In Next Wave’s Canine Choreography, Robert Reid discovers that untrained dogs are just…untrained dogs
How is it possible to make a show so very full of dogs so very hard to watch?
A carpet of fake grass and a white picket fence box in the performance space. It reminds me of the Royal Melbourne Show and travelling petting zoos. Off to one side is an announcer speaking into a microphone. I never caught his name and I didn’t see any programs on my way in so I can’t tell you who it was.
I can’t quite make out most of what he says over the noise of the pre-show audience. It’s possible I missed important information during this part. At the back is a large flat-screen TV. They’ve quickly relocated from the outdoor venue to this space at the Collingwood Arts Precinct, so there is a rushed quality in the air. It’s possible I’m imagining that.
In Canine Choreography, Danielle Reynolds explores the world of Dances with Dogs, a niche sport that has been popular with some pet owners since the 90s. It’s a competitive dance contest for dogs and their owners and patently an adorable world to explore, although the presentation of Reynolds’ findings was underwhelming.
We’re greeted at the door. We sit chatting. There’s a casual atmosphere that will carry through under the whole of the show. The announcer tells us that the show is beginning and asks if we’d like to meet some dog trainers. The audience is enthusiastically affirmative.
The screen plays an interview with two Dances with Dogs veterans. It’s followed by an interview with the first performer of the evening (Arlo Mailing) about how she thinks her performance will go.
I still don’t really know what to expect, either because the event hasn’t told us yet or our announcer explained it but the muffled sound system and the buzz of still-chatting audience made me miss it. Either way, I’m realising now the premise of the show is less a look at the relationship between dogs and their owners in the context of performance (ie Dances with Dogs) and more “What if we took untrained dogs and their owners and got them to try and recreate a Dances with Dogs floor routine?”
The dogs obviously have no idea what’s going on.

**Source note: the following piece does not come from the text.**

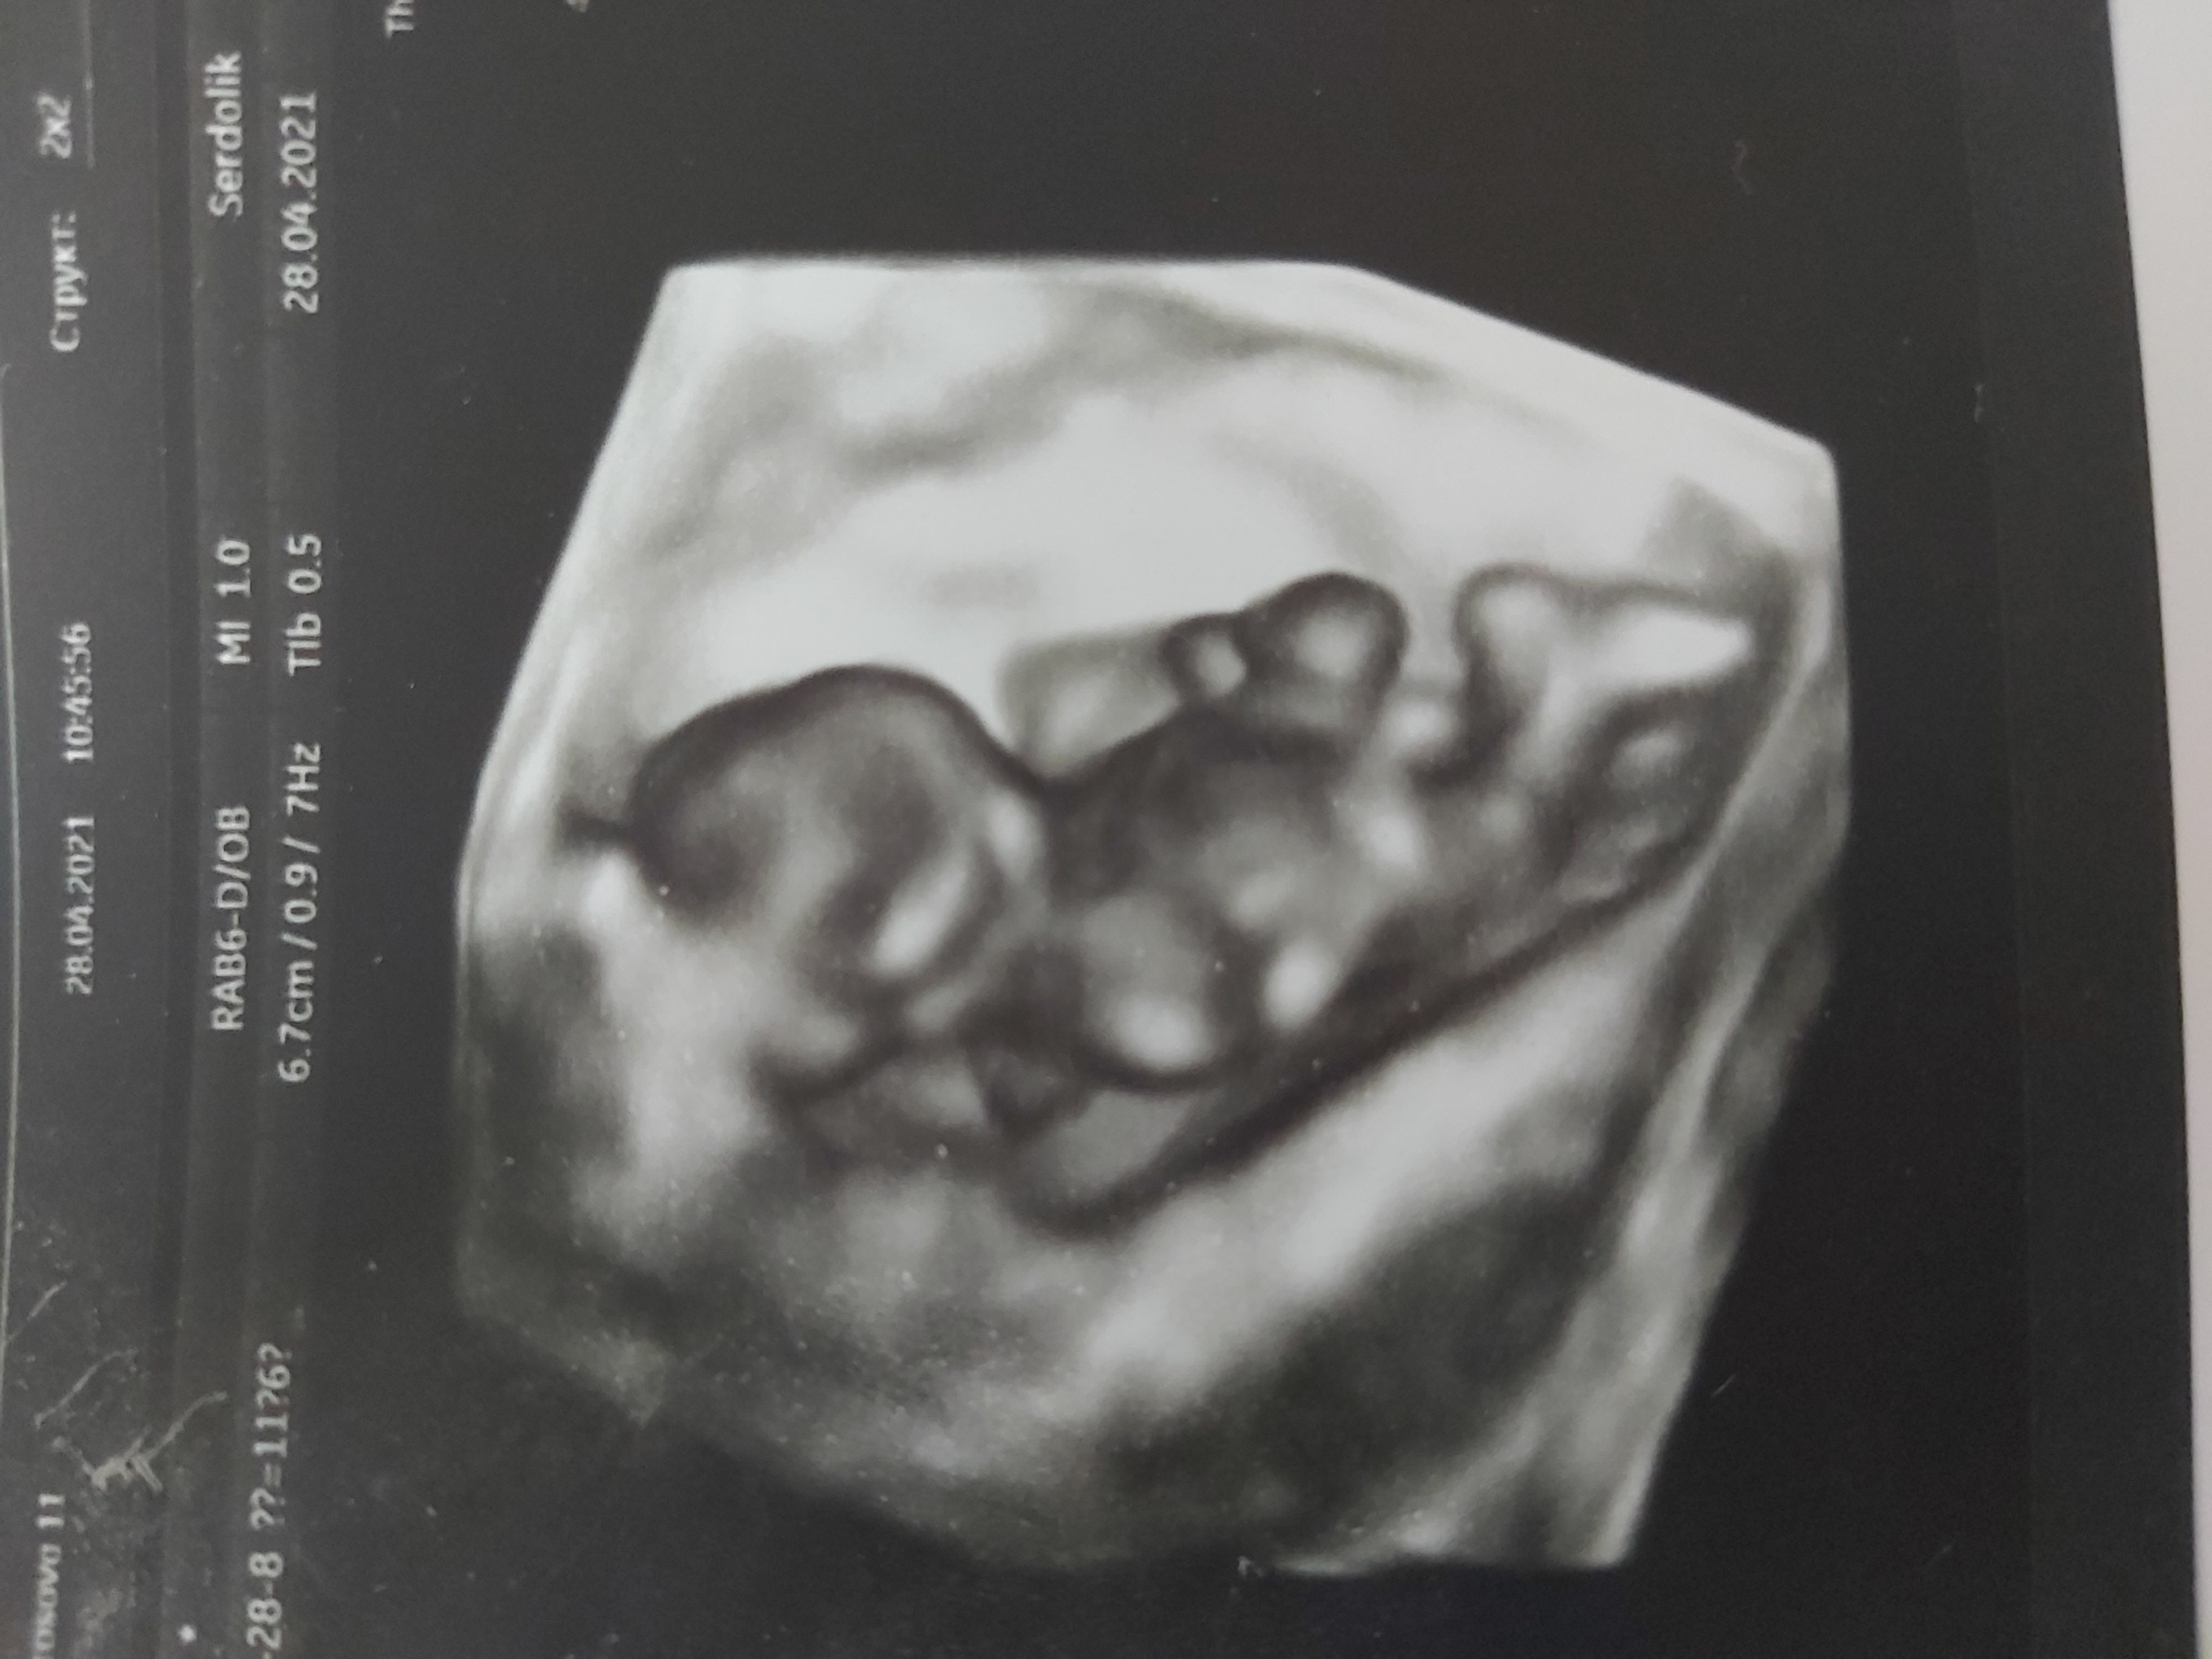 Всем ДД! Срок на фотках одинаковый, слева первая беременность. Справа ... image №2

Some are playful, some are worried about the strange environment and people and wait at the gate to leave the space. They watch their owners with the bemused nonchalance only an incredulous dog can manifest.
The ones doing tricks here are the humans.
The actual routine they’re emulating plays along behind on the screen behind them. The owners emulate the routines as well as they can. The dogs do whatever they like.
Is this going to be whole show?
Yes. Yes, it is.
The contrast between the trained performers on the video and those in front of us on the floor reminds me, briefly, of Lucy Guerin’s Untrained. There we saw two dancers at the peak of their fitness perform movements and routines that are emulated (to the best of their ability) by two people with little to no dance experience. We saw the tension between the possible and the impossible, the differences between the trained and the untrained body, opening the different beauties of discipline and truthfulness. The heaviness of the untrained bodies, the stiffness of the limbs, was poignant. Real.
Canine Choreography, on the other hand, is well prefaced early on by trainers in the first video. Responding to the question, “will it be possible for these dogs to do these routines with no training?” the trainers laugh and say “of course not!” They suggest that this is a stupid question. I’m inclined to agree, and to add that it’s not the most enlightening premise for a show.
It’s all in fun, naturally. No one is expecting Ibsen or Stoppard. But the show is, pun a little intended, rough. Little thought seems to have been given to the staging, and surprisingly little effort has been put into the choreography for a show called Canine Choreography. I found myself struggling to understand what to take away from this show. That dogs are cute? That dogs which have been trained are better at doing routines than dogs that haven’t?
It all feels like something that sounded like a good idea when it was floated but that everyone forgot about until the last week, and yet I can’t help but feel it could have been enchanting. Maybe a few rehearsals might have helped.
Maybe I’m missing the point. It doesn’t claim to reach for profundity. The audience was filled with chuckles and awws, although often I couldn’t work out what they were responding to. Sometimes it was because dogs are cute. Sometimes it was because people in real life say things that aren’t poetic, but are instead awkward revelations of their educational background.
There was one errant moment, during the curtain call, when a small dog tried to hump a larger one. This produced some of delighted laughter from the audience. I guess, if that sounds appealing…
Canine Choreography, created by Danielle Reynolds. Collingwood Arts Precinct, Next Wave. Closed.